_WORK TASK_
Look through the entries below for the line with "ChildGen Doğal Oyun" and the line with "Maxxter 1 USB Qualcomm (UQC-22A)", then give again exactly those two lines and all lines between them, minus the pictures.

_RECORDS SUPPLIED_

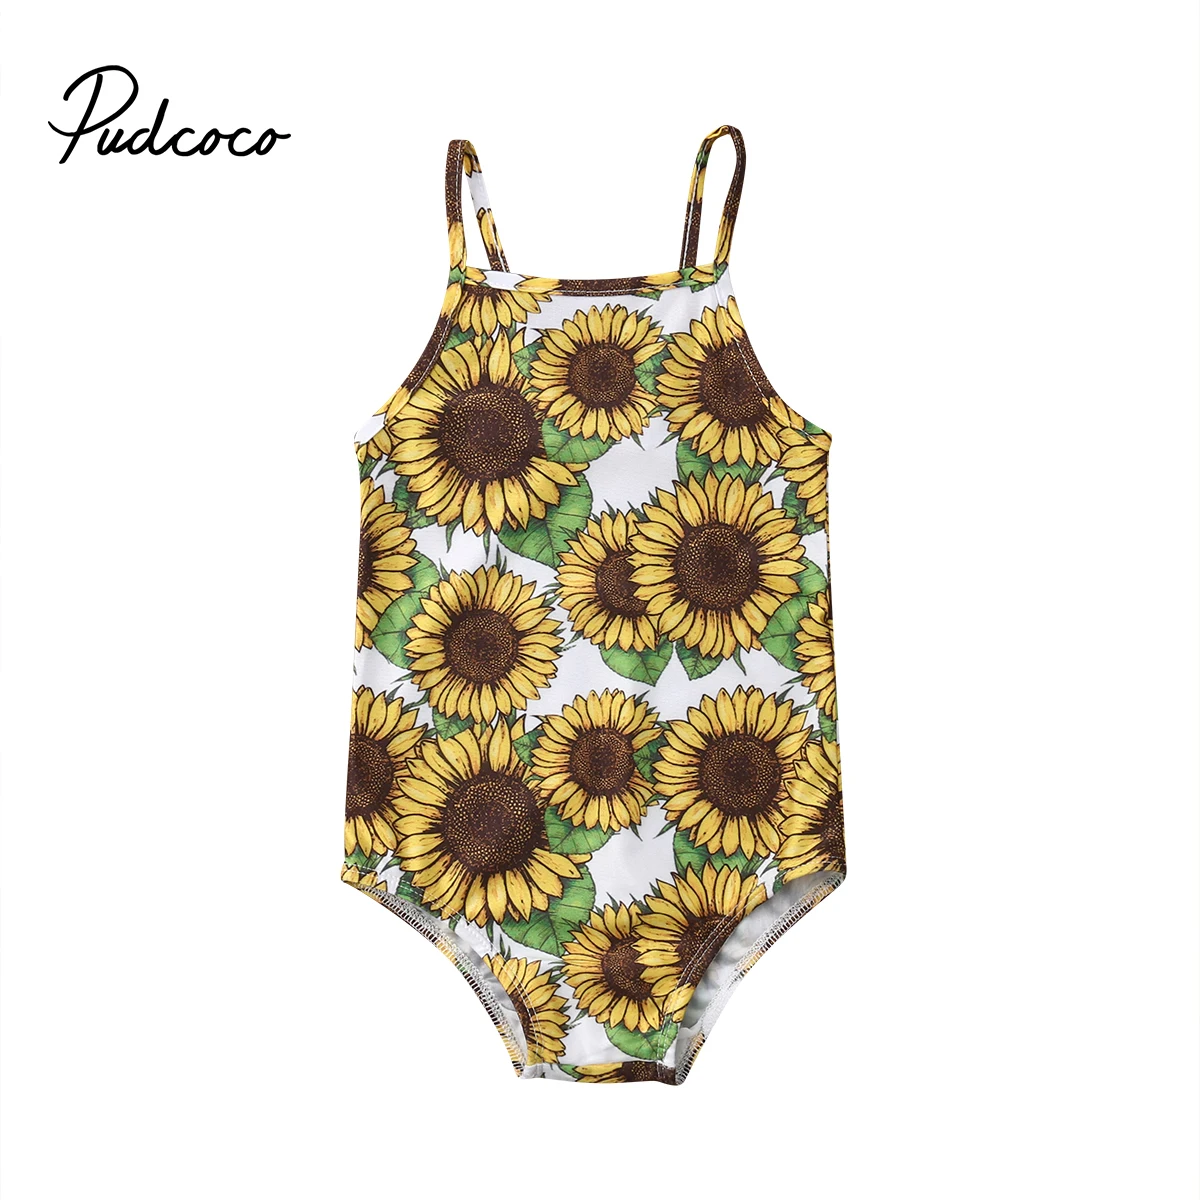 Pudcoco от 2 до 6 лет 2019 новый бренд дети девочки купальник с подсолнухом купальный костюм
---
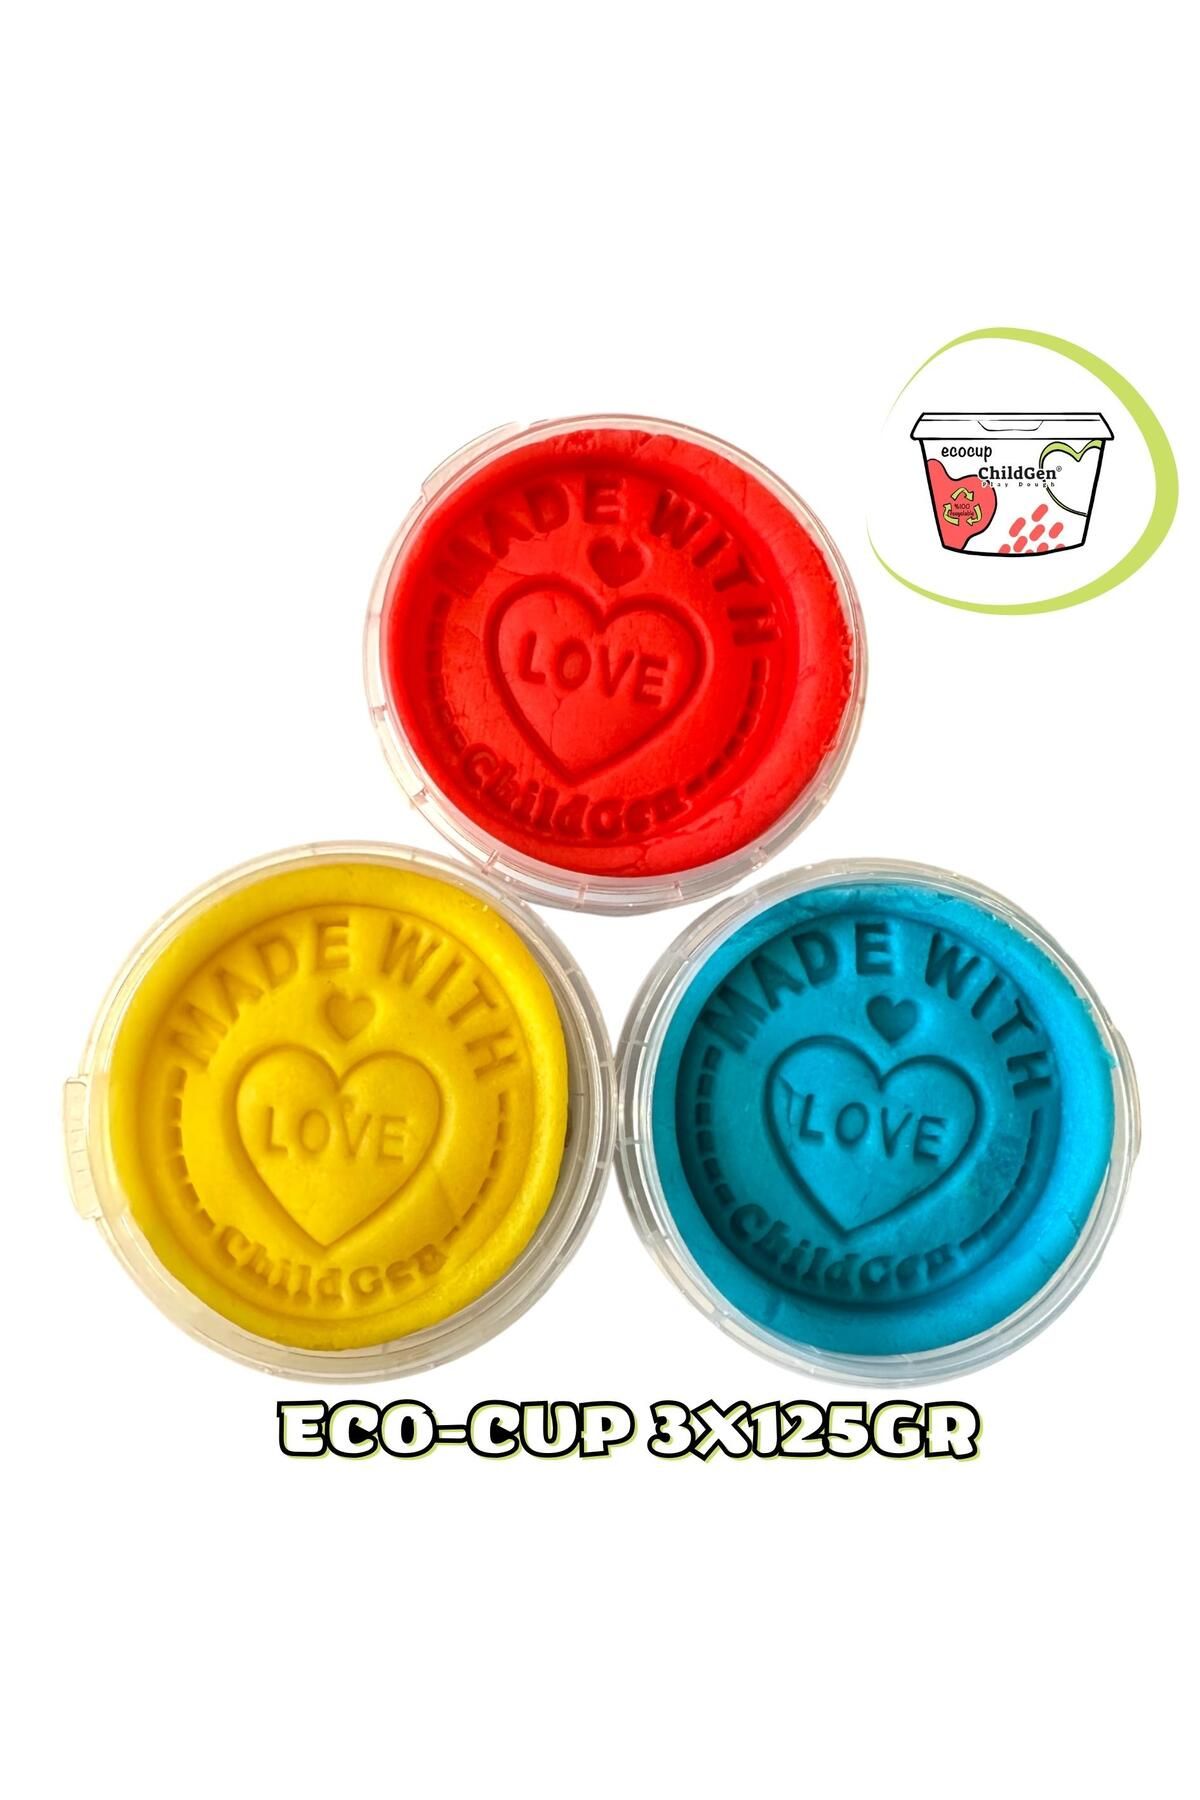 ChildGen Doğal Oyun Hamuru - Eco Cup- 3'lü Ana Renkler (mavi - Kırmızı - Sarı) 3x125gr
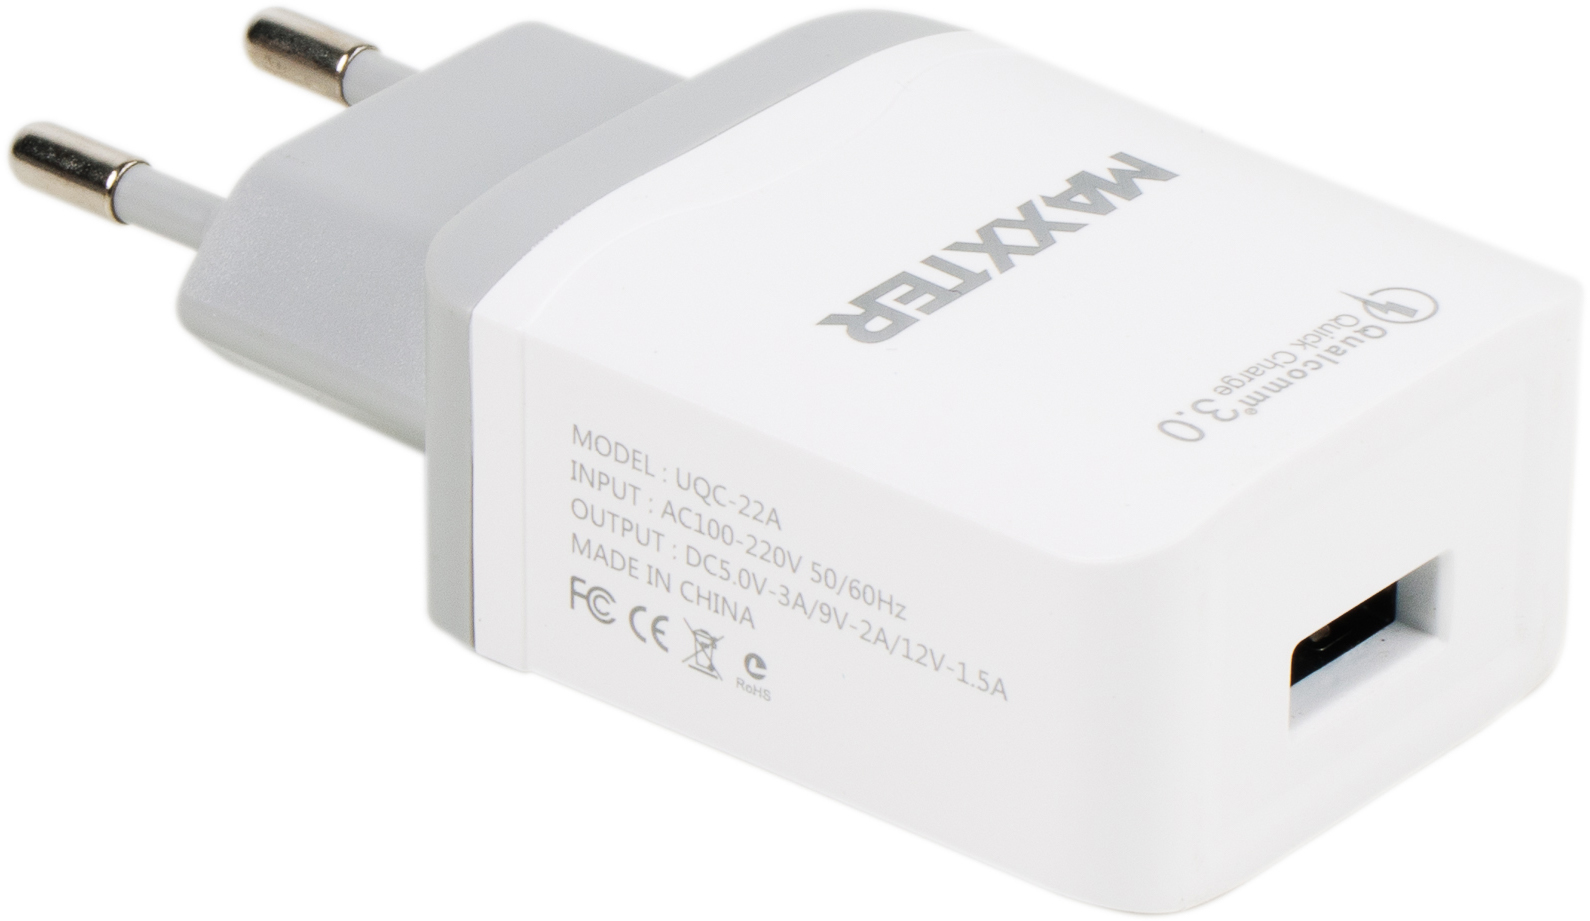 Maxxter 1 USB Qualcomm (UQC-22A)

_TASK ANSWER_
 ChildGen Doğal Oyun Hamuru - Eco Cup- 3'lü Ana Renkler (mavi - Kırmızı - Sarı) 3x125gr
 Maxxter 1 USB Qualcomm (UQC-22A)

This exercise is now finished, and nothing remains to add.